Although the accuracy of predictions from connectivity models was high, it is important to note that elk in this study followed a relatively direct route during at least the first half of the migration (Fig. 2). This pattern of direct migration over long distances (as a broad scale pattern; different from fine scale fast, directed movements between relocations) provides an explanation for null model success, and highlights the importance of knowledge about elk winter and summer range locations to studies of elk migration and connectivity. Corridor prediction accuracy could decline, however, for elk with less direct migratory routes even for models informed by landscape resistance. SSF resistance, for example, did little to improve prediction accuracy of the less direct routes compared to null model predictions (Fig. 2), and CTMC resistance showed only moderate improvements overall. Estimating a more informative resistance surface may be difficult because elk can travel across most habitat types, and their movement is also likely to be affected by other factors not examined via landscape resistance (i.e., predation risk; Fortin et al. 2005). In addition, ungulates can exhibit strong memory capabilities (Merkle et al. 2014), and evidence suggests that their past experience influences future movements (Wolf et al. 2009).
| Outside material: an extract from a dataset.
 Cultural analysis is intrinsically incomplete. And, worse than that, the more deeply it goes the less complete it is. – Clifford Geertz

Indeed, elk exhibit fidelity to traditional migration routes and seasonal ranges, though with some plasticity over time (Van Dyke et al. 1998; Eggeman et al. 2016). Incorporating memory, however, is not trivial, in part because the memory process is hidden and current simulation methods extended to this process are highly computationally intensive (Fagan et al. 2013; Merkle et al. 2017b). While identifying source and target nodes is a step toward explicitly incorporating memory into connectivity models, it may still be challenging to accurately simulate elk movement along less direct migration routes. Future studies should examine CTMC and SSF-informed connectivity models across a range of species and migratory elk populations to understand the effect that less direct migration routes can have on prediction accuracy.
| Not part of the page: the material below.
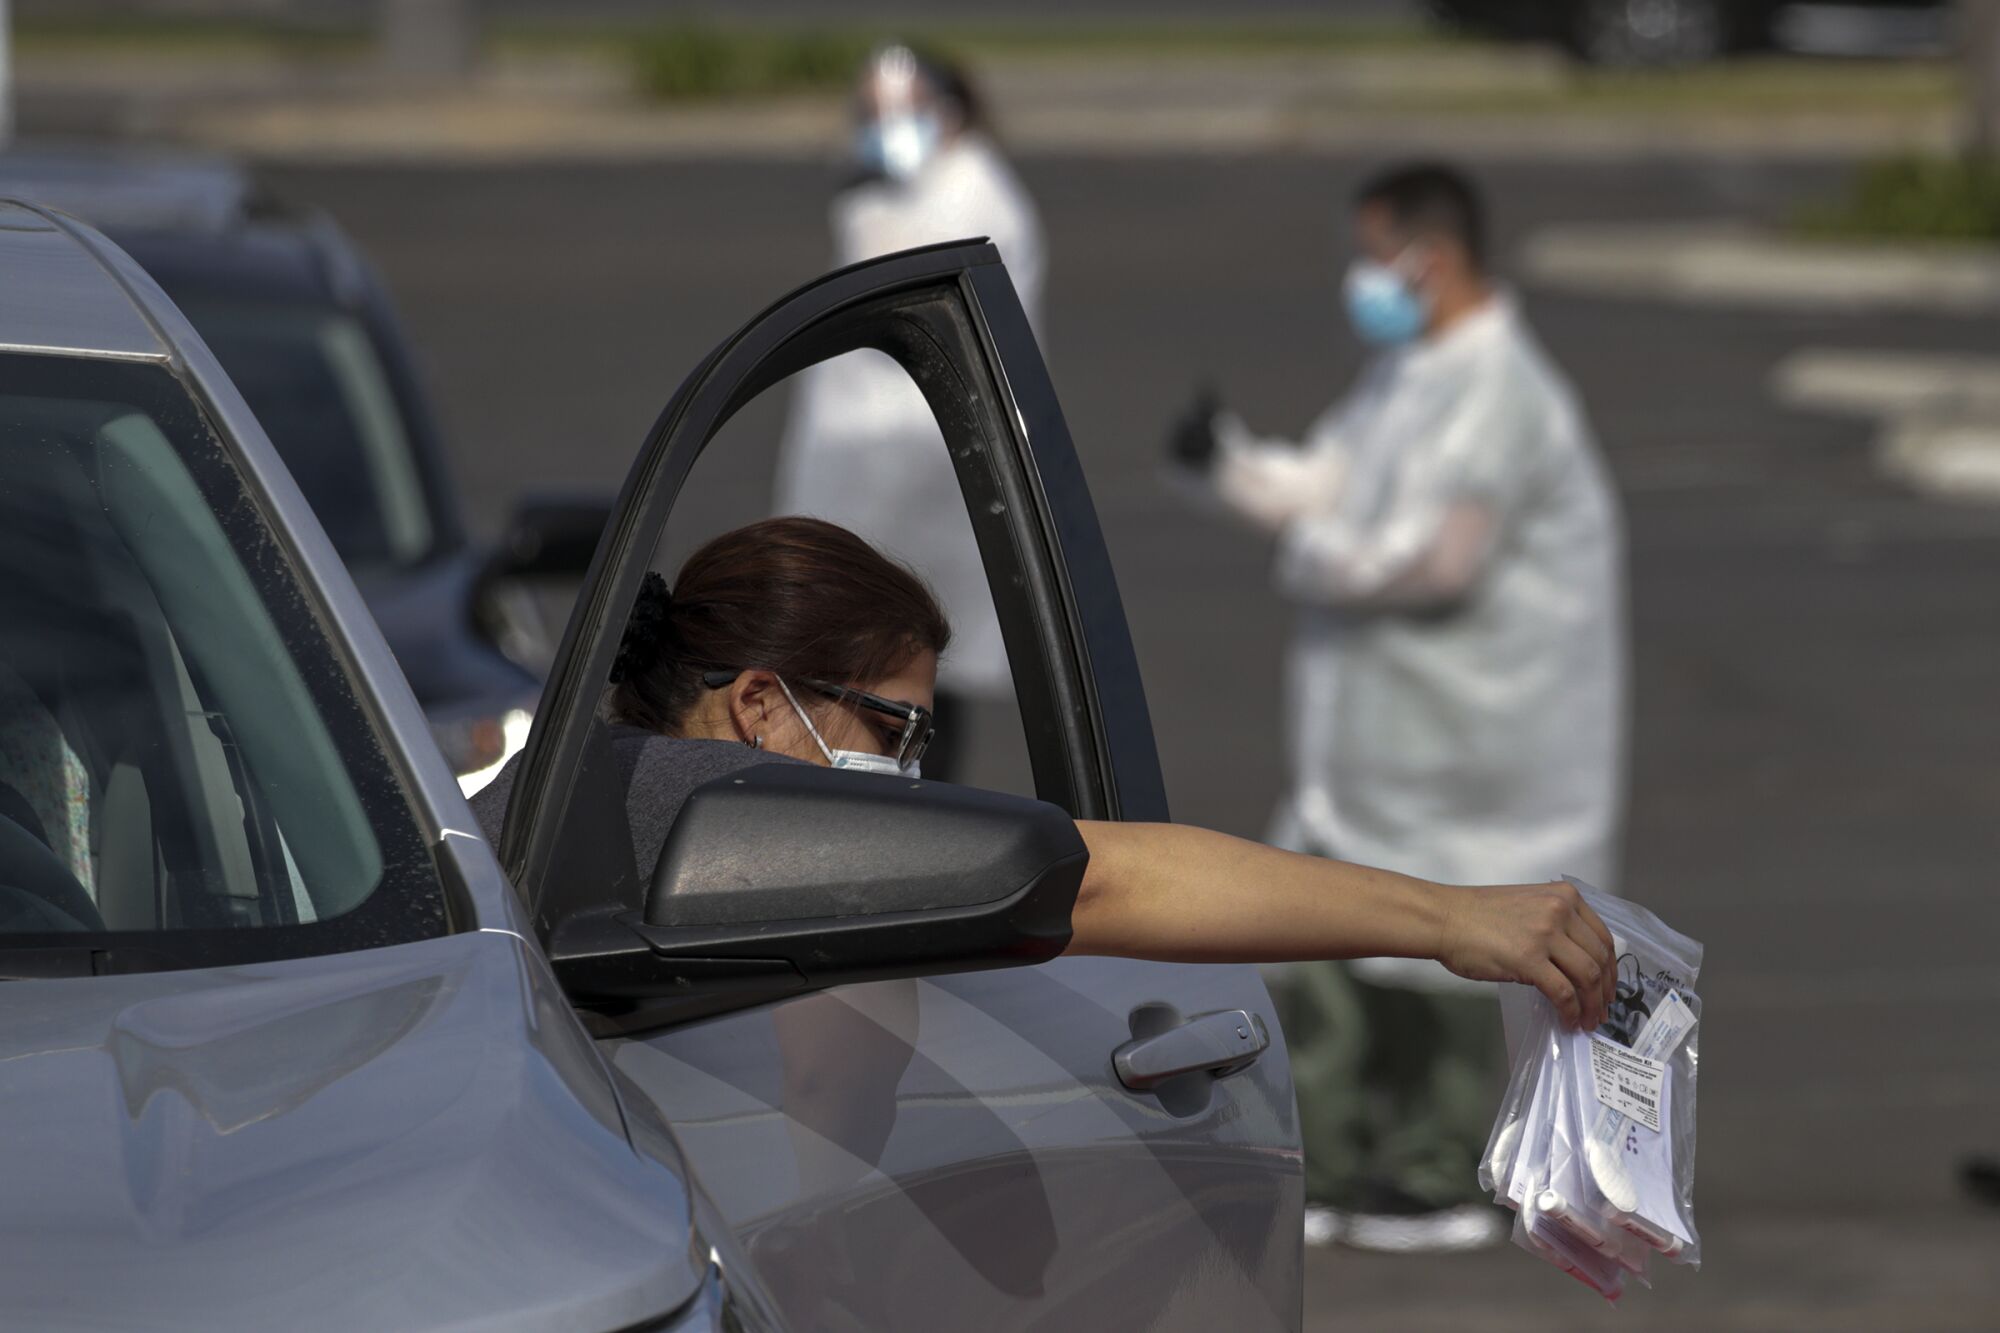 A motorist leans out the window of her open car door to deposit several plastic bags with test swabs.

In conclusion, animals are likely to move faster through undesirable habitats and slower in preferred habitats. As a result, studies of movement rate and resource selection are likely to reach opposite conclusions regarding habitat preferences during movement. Prediction of migration and dispersal corridors where faster, more directed movements can occur is often achieved using resistance surfaces derived from studies of resource selection (e.g., Zeller et al. 2012; Abrahms et al. 2016), but the focus on selection rather than speed could affect our ability to accurately predict where animals move and result in conservative corridor predictions that exclude areas important for connectivity. We found CTMC-informed connectivity models to be a more realistic alternative to SSF-informed connectivity models for studying elk migration corridors and connectivity in western Wyoming, and thus recommend the addition of CTMC into the methodological toolkit of connectivity modeling and conservation.